Data backup on Gateway in case of network outage?

descartes · July 1, 2020, 1:20pm

The very loverly @cslorabox isn’t a fan of that, not a bit and I fully understand why.

But the higher end RAK gateways do this once setup and tested. They do it by holding the unsubmitted messages in order and passing them on once they have connectivity restored. So very useful for GSM/LTE connections. However I believe there are issues with timestamps that I haven’t got a handle on, see: https://forum.rakwireless.com/t/rak7258-lte-automatic-data-recovery/2193/10

However, due to the security design, particularly the frame counters, this can go wrong so should be a nice to have in your design and not a definitely must must work.

cslorabox · July 1, 2020, 2:41pm

RAK’s challenge isn’t so much an implementation one as the classic one of diving into writing code without there being a strategy which solves the actual problem. And then when users unsurprisingly have issues, trying to fix a systemic problem in the code of one component.

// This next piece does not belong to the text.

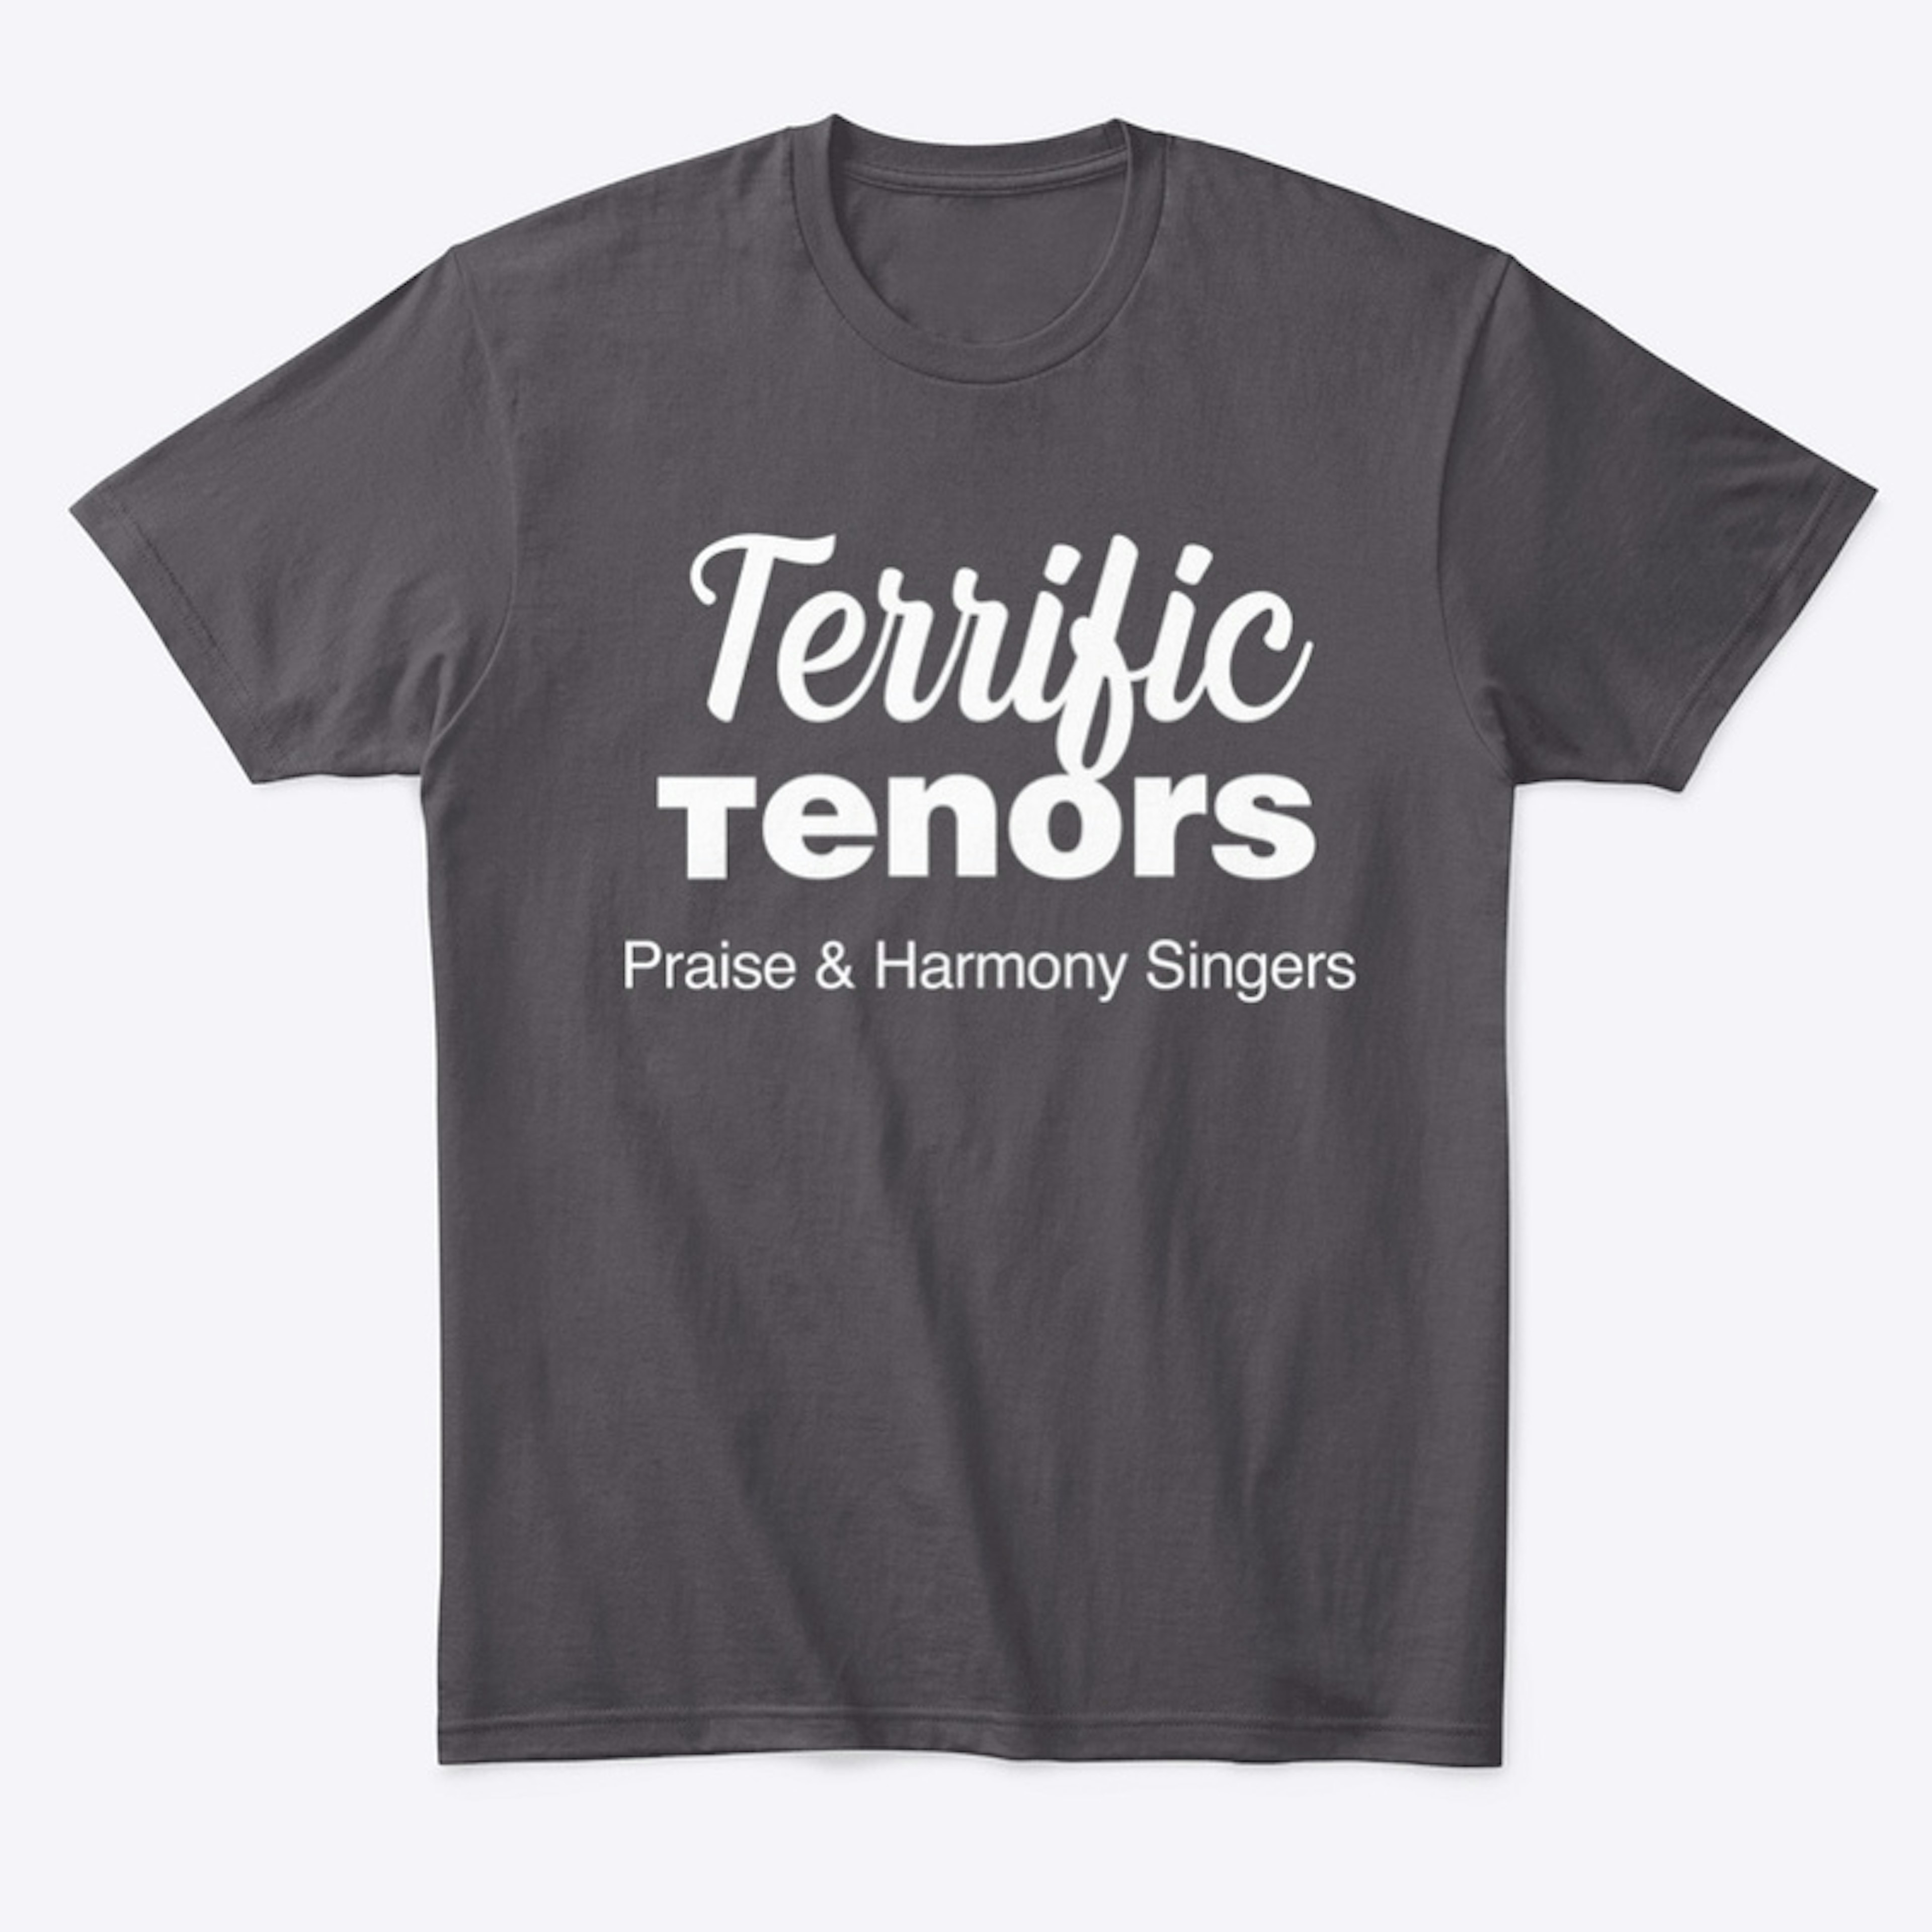 Terrific Tenors

Upon reconnection, if they start being a gateway immediately, then the archive gets submitted out of order and a LoRaWAN server enforcing frame counts rejects it

Conversely if they drain the archive in order before they start being a gateway again, now the duration of the outage of real time data (and during which ADR keeps falling back due to loss) is magnified. And should any other gateway get a packet in, it’s all for naught.

I think if you really want to do this, you’re better off taking any gateway where you control the code and writing your own backup scheme which uses the storage media in a way that you feel is safe. Then get your node keys and do your own offline decoding of historical data outside of TTN, and write those packets to your historic log of application data with some “recovered” flag on them.

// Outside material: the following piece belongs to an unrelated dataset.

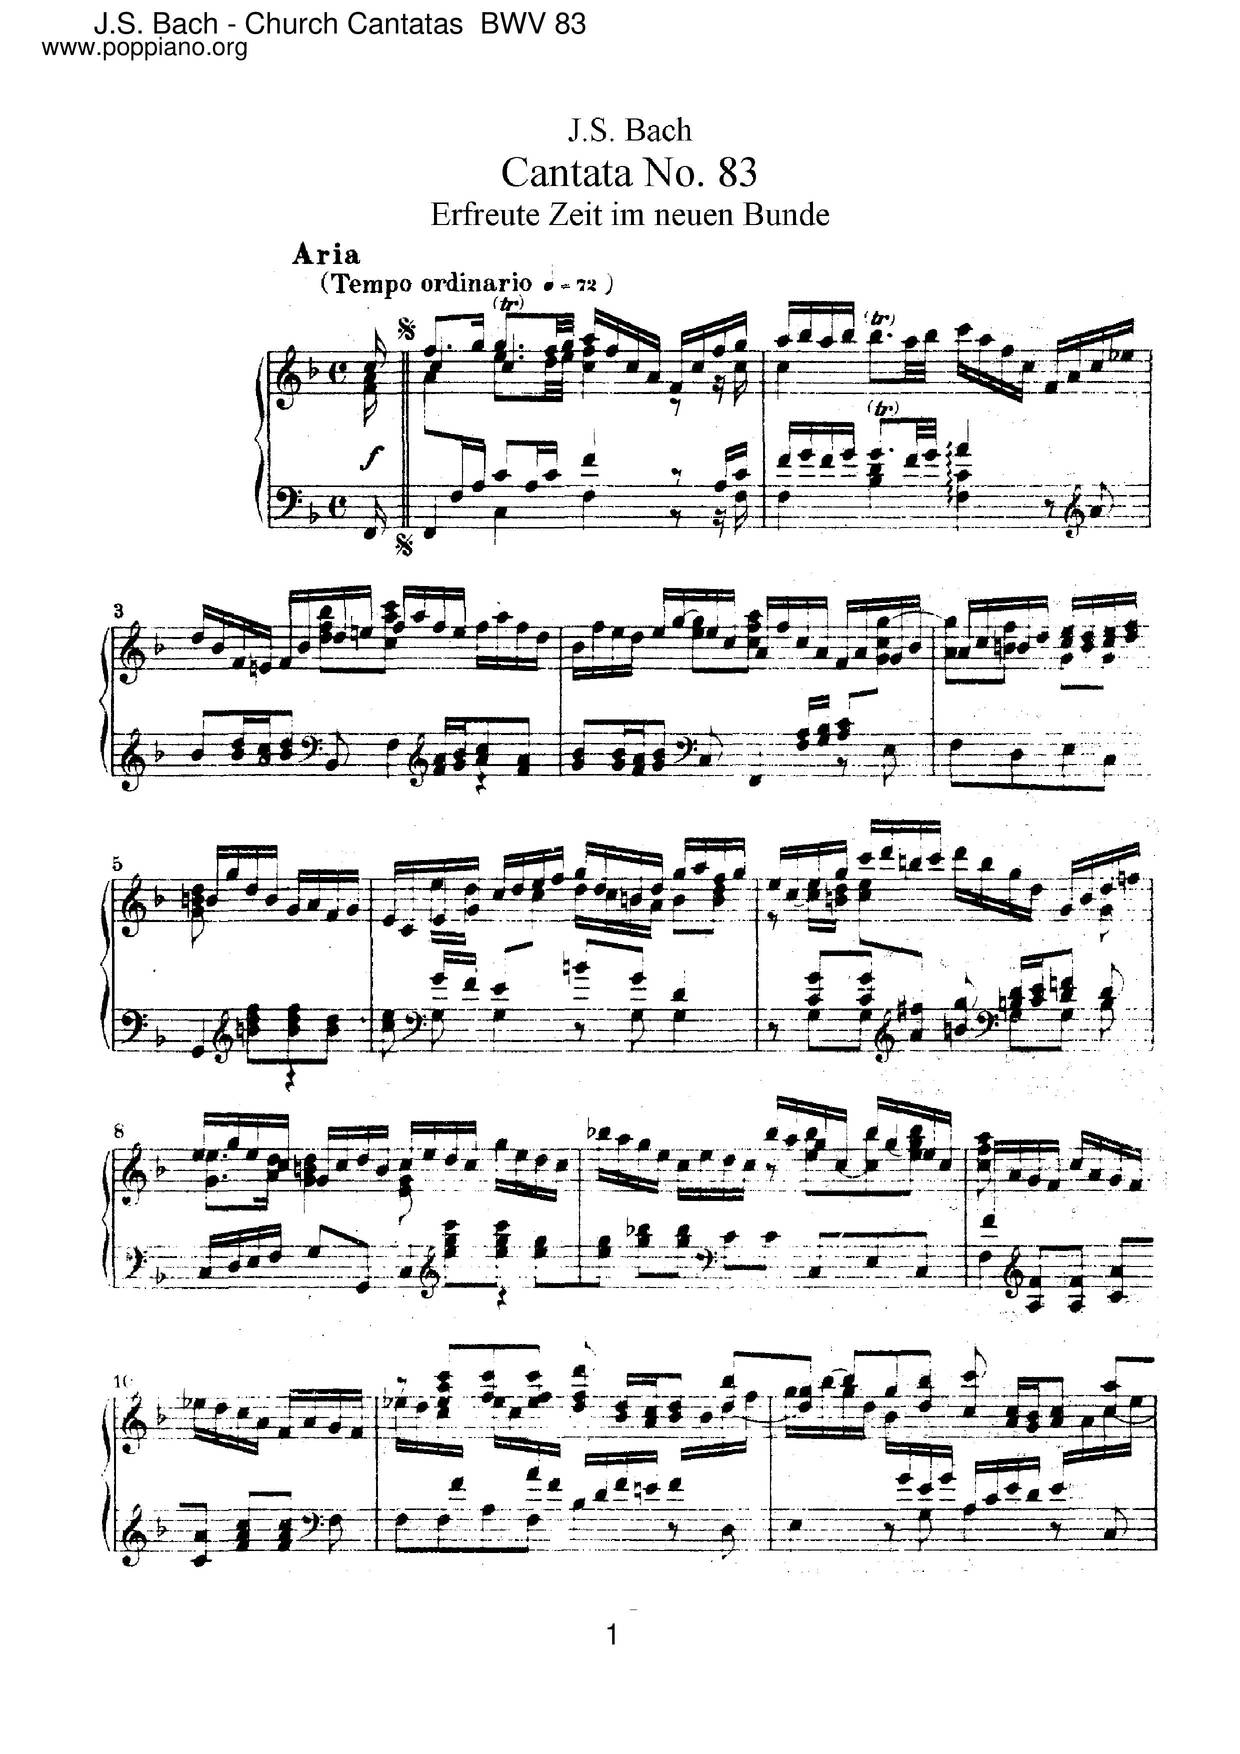 Erfreute Zeit Im Neuen Bunde, BWV 83ピアノ譜

kersing · July 1, 2020, 4:11pm

That still doesn’t mean it is a good solution. It will work for gateways out in the boonies with infrequently transmitting nodes and shorter connection interruptions.
In my opinion this tries to solve a fundamental issue of LoRaWAN, the assumption the gateway is always connected to the backend. Solving this requires a rewrite of (parts) of the specification, not hacking the packet forwarder and hoping to get away with it. (Btw it seems kerlinks cpf buffers packets as well so RAK is in good company)

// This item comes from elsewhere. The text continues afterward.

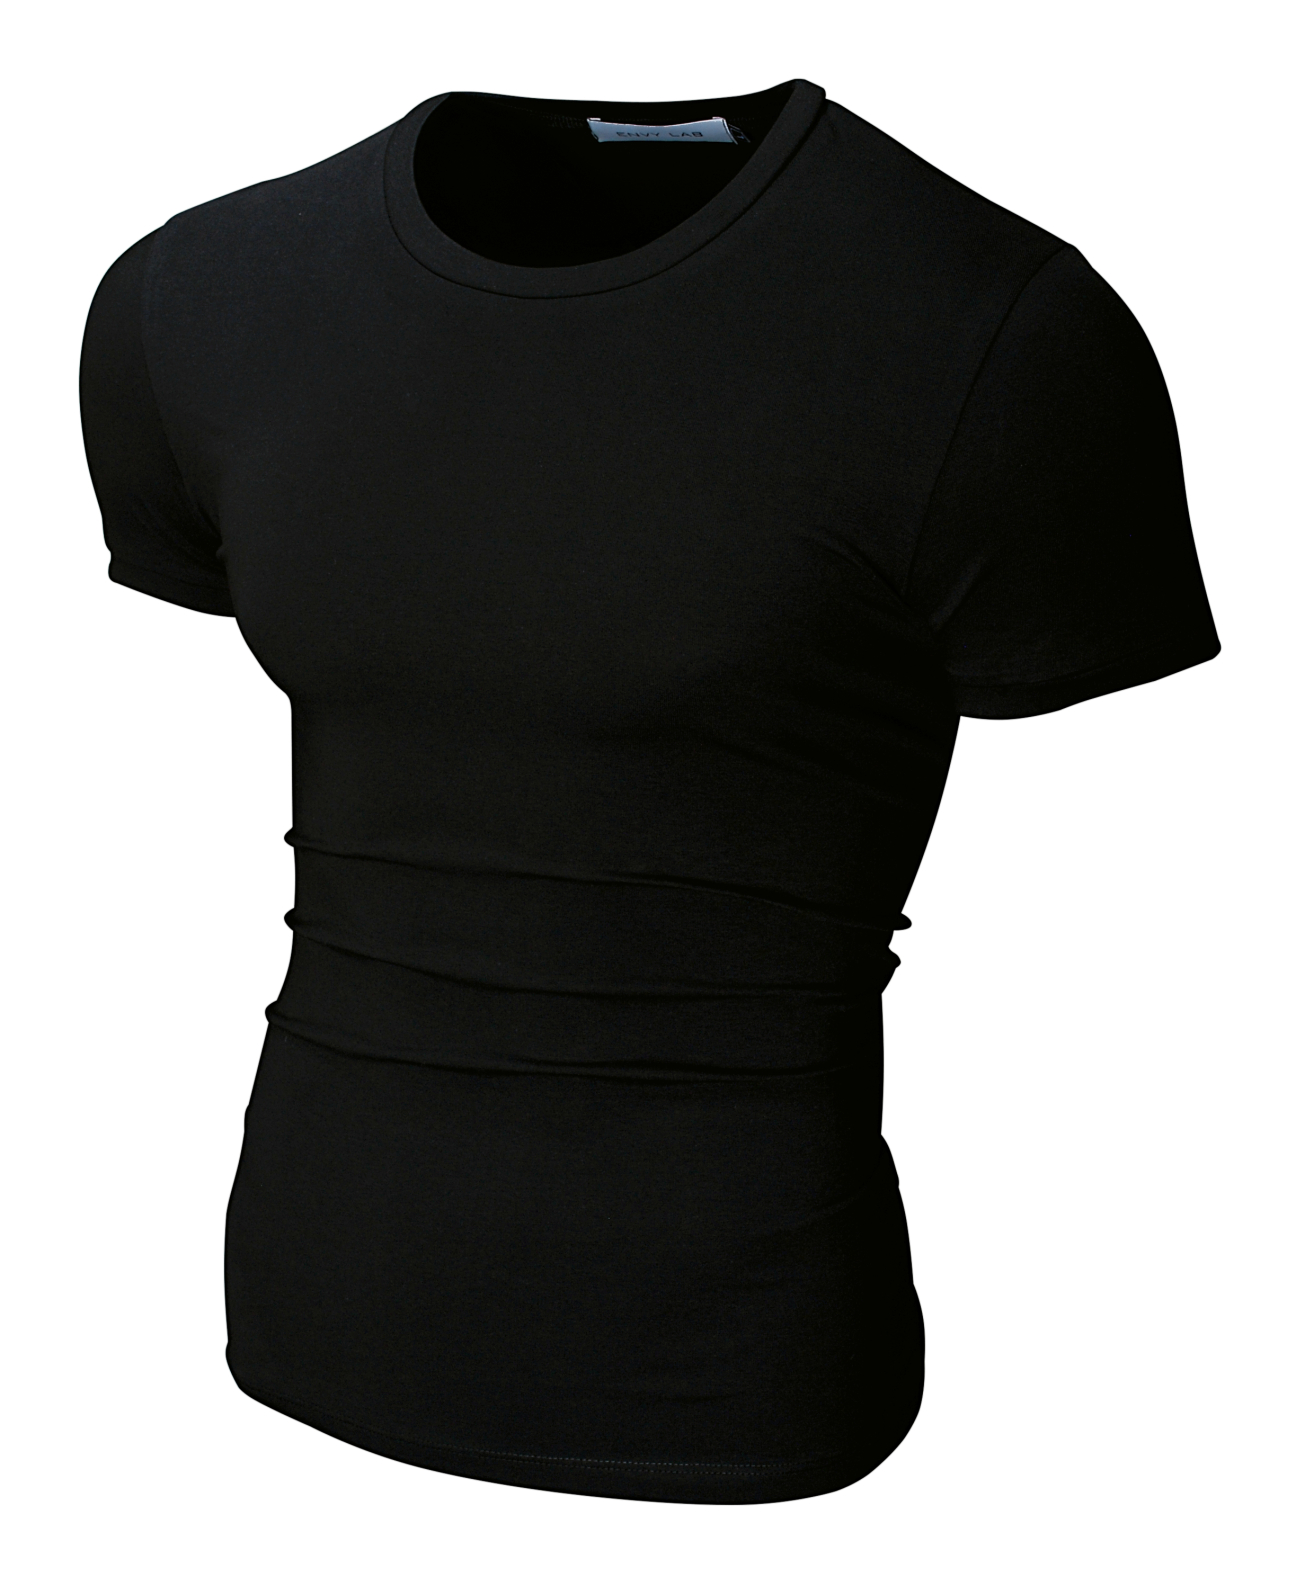 картинка товара футболка round black в магазине Envy LAB

descartes · July 1, 2020, 5:03pm

Users at this level should know better.

Ditto - hence the setup and tested bit.

I fully appreciate that a metropolitan based gateway is going to be hammered if it tries to store & forward - but if it’s in that sort of area, there should be overlapping coverage of gateways.

As you say Jac, it’s for the boonies when the mobile network goes off line because it’s raining hard or it’s foggy (something I’ve actually lived with).

cslorabox · July 1, 2020, 5:28pm

Meh… the real market for RAK (and Dragino) boxes running stock firmware is people who want to just plug something in, click through some gui menus, and have it work.

For a user with reliability concerns, they’re more a demonstration of the fact that an MT76x8 chip (or the competing AR9331 that Dragino uses) can be a decent inexpensive gateway platform potentially robustly booting from NOR flash.

You then have the choice of either putting custom software on the offered boxes (via changes captured in the overlay filesystem, or by rebuilding OpenWrt from source) and/or making a custom hardware platform adding in key things that were left out, such as a USB hub to allow using the sole host port for more than just the LTE modem.

descartes · July 1, 2020, 5:43pm

NAND to Tetris has nothing on you! When you need a chip, do you go to the beach for the raw materials?

I suspect the real problem here is that the memo about the fail-fast product to market philosophy that companies are now using hasn’t reached the users who aren’t aware that features are included that may not work until they (we) have tested it and move it out of beta (if we are lucky, sometimes we move it out of alpha). It’s not unusual for me to include a button I think should be on a device to see if anyone needs it and then wait for them to press it and tell me that it didn’t work. Most of the buttons don’t get pressed.

cslorabox · July 1, 2020, 5:55pm

No, I buy the same parts but shuffle them around until they are connected in the right order… for example putting in the missing USB hub. I didn’t even bother routing the SoC to the DDR, that’s a submodule, as of course are the concentrator and the LTE.

It’s not about doing everything yourself, it’s about re-doing the things that need fixing.

That I can agree with, but iterating by buying successive generations of boxes can be costly. And frequent change in offerings is bad for fleet deployment, too.

Or won’t work at all… often the big problem is software written by people who didn’t start from a clear vision of what it needed to do in the overall system context. That and features invented by a marketing department similarly lacking contextual awareness.

There’s a big difference between room for future expansion where the user/customer/client/licensee has the engineering materials to run with these ideas and turn them into something workable, vs. where they’d have to tear substantial parts up and rebuild them from scratch to move forward.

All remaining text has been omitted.